Ayende @ Rahien

My name is Oren Eini
Founder of Hibernating Rhinos LTD and RavenDB.
You can reach me by phone or email:


+972 52-548-6969

, @ Q c

Posts: 18 | Comments: 87

filter by tags archive

A persistence problem, irony, your name is…

time to read 5 min | 902 words

The major goal that I had in mind for the profiler was online development usage. That is, do something, check the profiler, clear it, do something else, etc. One of the things that I am finding out is that people use it a lot more as a dumping ground. They push a lot of information into it, and then want to sift through that and look at how the application behave, not just a single scenario.

Surprisingly, it works quite well, especially with the recently implemented performance profiling sessions that we just run through. One scenario, however, remains stubbornly outside what the profiler can currently do. When people talk to me about it, they call it load tests profiling, or integration tests profiling. This is when you pour literally gigabytes of information into the profiler. And it works, provided you have enough memory, that is.

If you don’t have enough memory, however, you get to say hello to OutOfMemoryException.

When I dove into this problem I was sure that I would simply find that there is something stupid that I am doing wrong, and that as soon as I’ll figure it out, it will be all right. I actually did find a few places where I could optimize memory usage (reducing lambda usage in favor of cached delegates to named methods, for example), but that only shaved a few percentage points. Trying out string interning actually resulted in a huge saving in memory, but I feel that this is just a stop gag measure. I have to persist the data to disk, rather than keep it in memory.

That lead me to a very interesting problem. What I need is basically a key value store. Interestingly enough, I already wrote one. The problem is that while this would work great right now, I have future plans which means depending on Esent is an… unwise choice. Basically, I would like to be able to run on Mono and/or Silverlight and that rules out using a Windows only / full trust native dll. As they say, a bummer. That requirement also rules out using the various embedded databases as well.
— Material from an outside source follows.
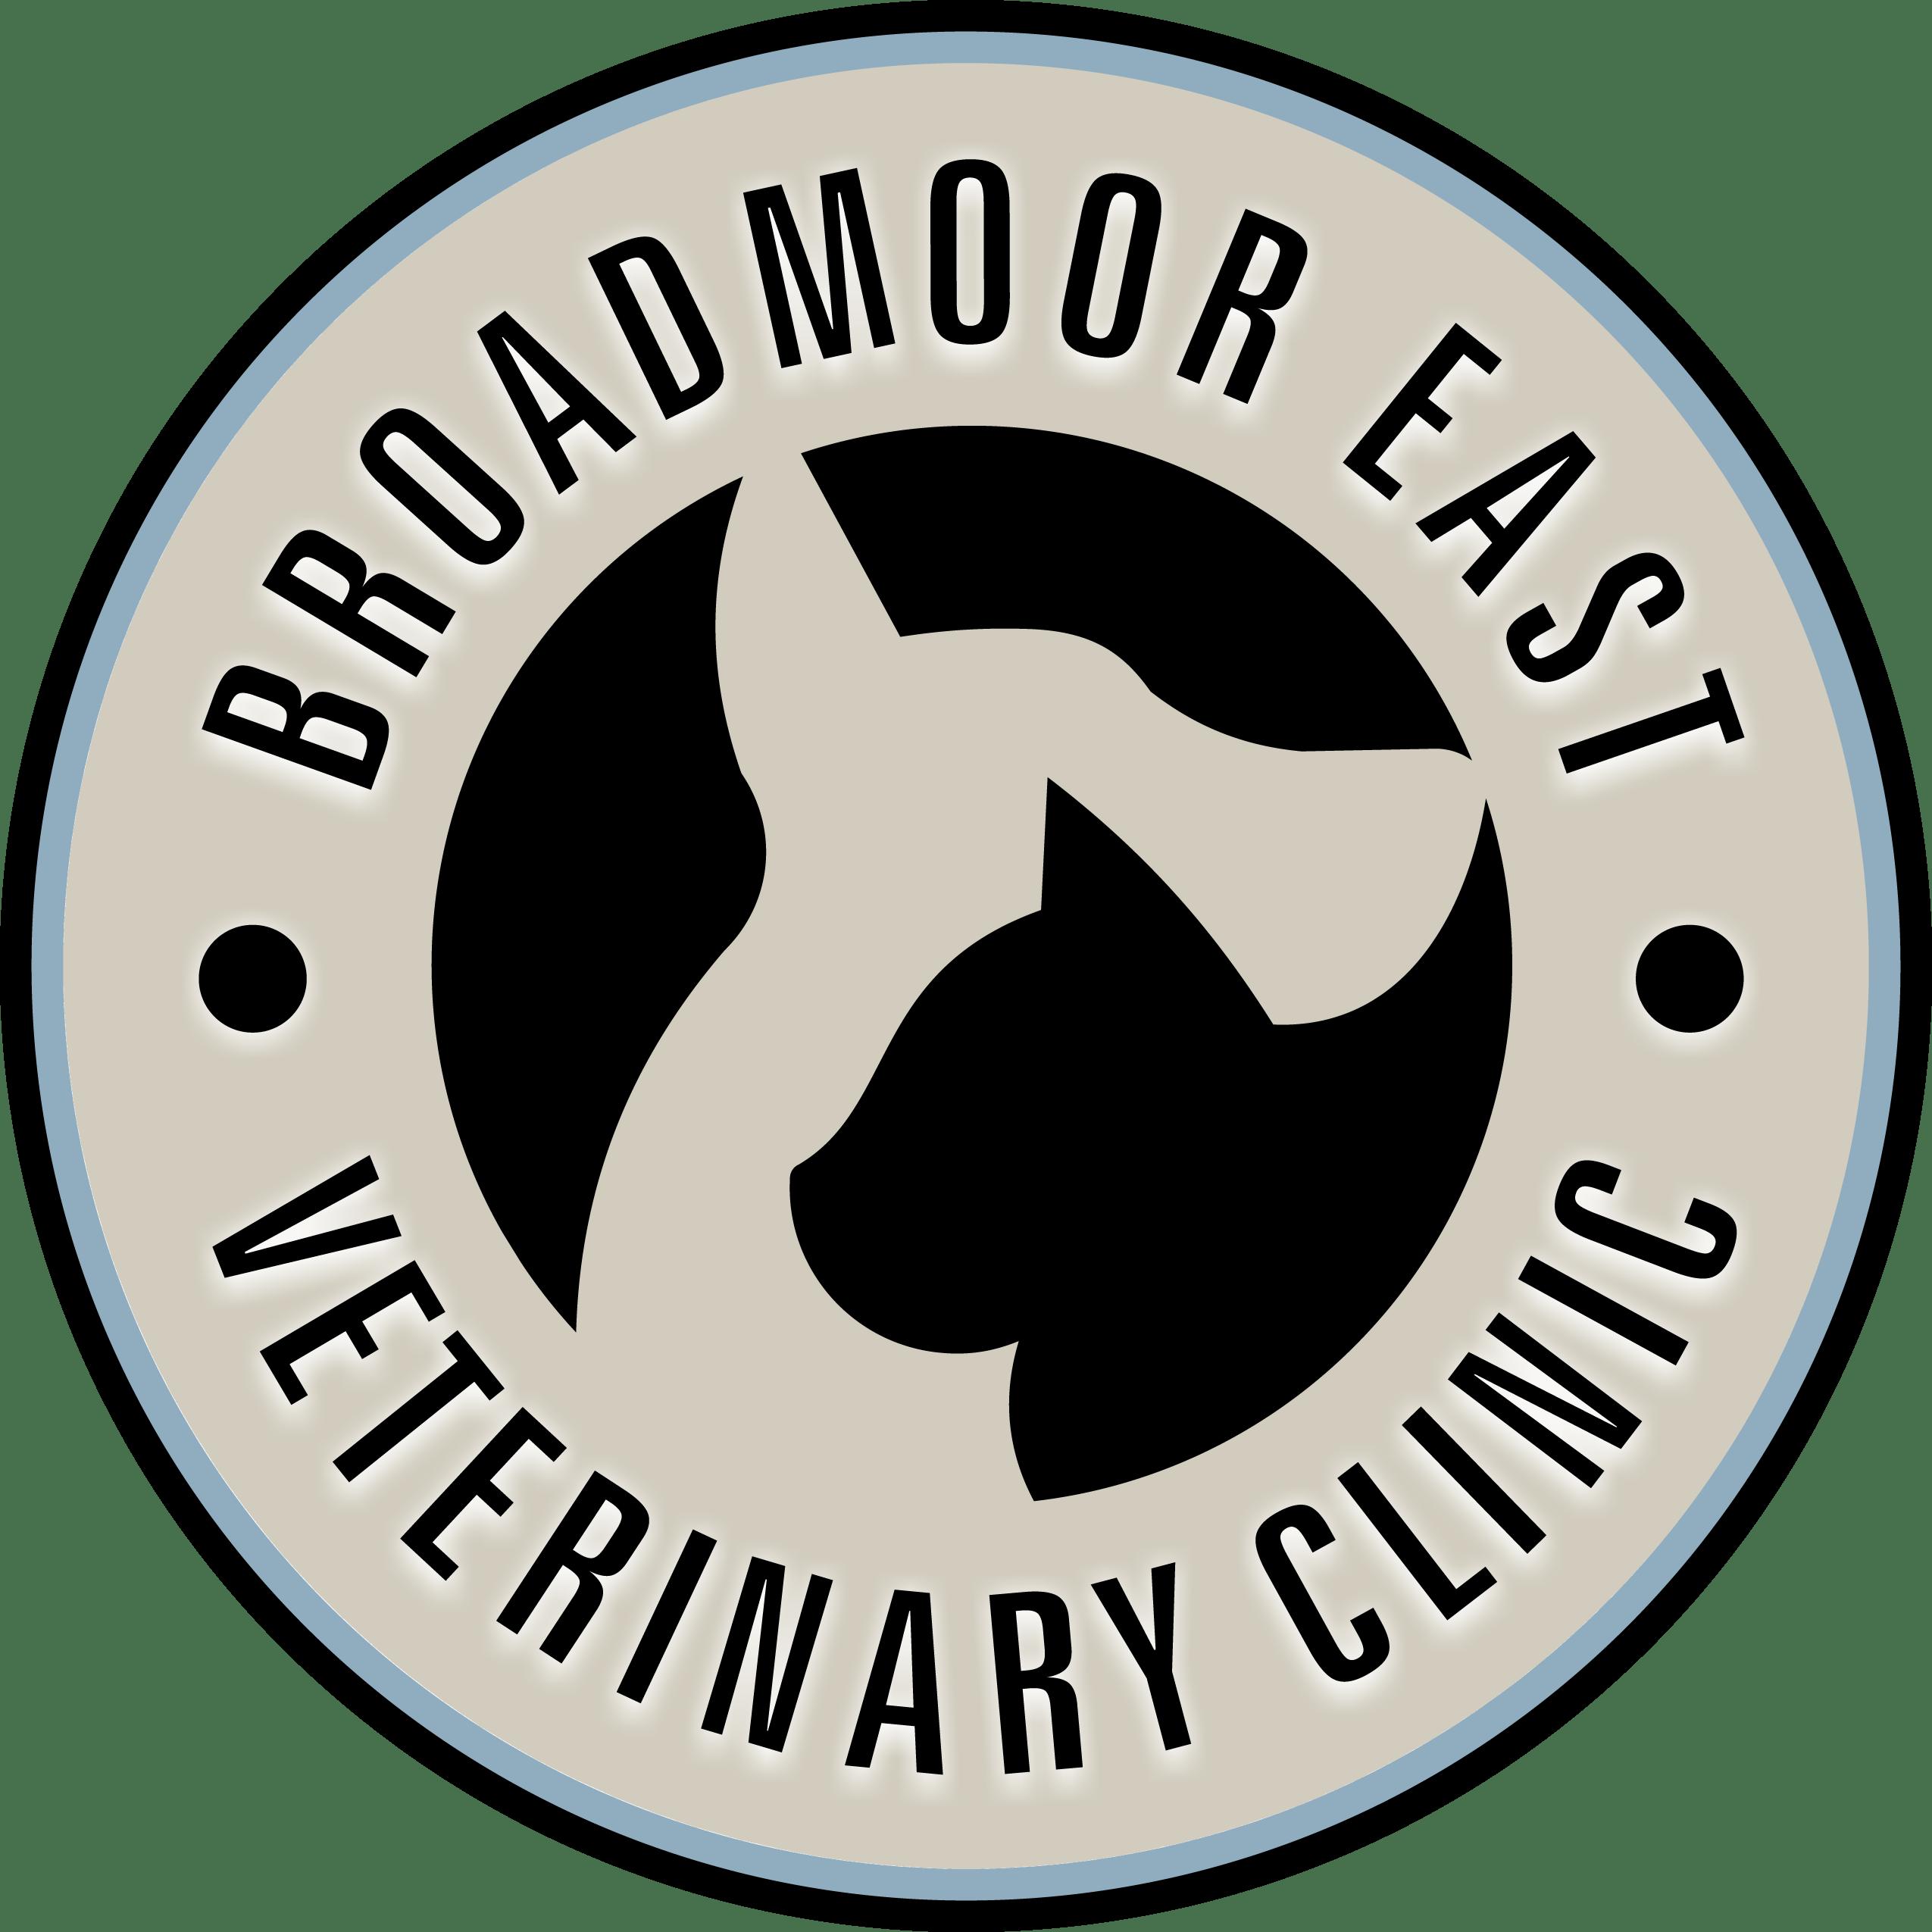 Broadmoor East Veterinary Clinic

I considered ignoring this requirement and handling it when the times come, but I decided that since this is going to majorly effect how I am going to use it, I can’t really afford to delay that decision. With that in mind, I set out to figure out what I needed:

  • A fast way to store / retrieve a session information along with its associated data (stack trace, alerts, statistics, etc).
  • Ability to store, at a minimum, tens of thousands of items of variable size.
  • A single file (or at least, very few files) – cannot afford to have one item per file (it usually kills the FS).
  • Support updates without re-writing the entire file.
  • Usable from Mono & Silverlight, or easily portable to them.

With that in mind, I decided to take a look at what is already out there.

  • C#-Sqlite looked like it might be the ticker. It is a C# port of the Sqlite database. Unfortunately, I took a look at the code base and it is a port to C#, the code gave me the willies. I don’t feel that I can trust it, and at any rate, it would require me to write a lot of data access code, that is a thing that I am trying to avoid :-). (And no, you can’t use NHibernate with that version, you would have to port the ADO.Net driver as well, and then you wouldn’t be able to use it in Silverlight anyway.)
  • Caching Application Block – because it looked like it had a persistent solution already. That persistent solution is based on several files per item, which is not acceptable. I already tried that route in the past, it is a good way to kill your file system.
  • SilverDB – this is an interesting code base, and a good solution for the problem it is meant to (saving relatively small amount of information to disk). However, I need to save large amounts of information, and I need to handle a lot of updates. SilverDB re-write the entire file whenever it is saving. That has too high a perf cost for my needs.
  • TheCache – I took only a brief look here, but it looks that it is too heavily focused on being a cache to be useful for my purposes.

In fact, given my requirements, it might be interesting to see what I don’t need.

  • Not reliable.
  • Not thread safe.
  • Saving is just a way to free memory.

Given that, I decided to go with the following method:

  • Custom serialization format, allowing me to save space & time using file & memory based string interning.
  • No persistent file index, that can be kept directly in memory.
  • Persisted string interning file.

As you can see, this is a very tailored solution, not something that would be generally useful, but I have great hopes for this.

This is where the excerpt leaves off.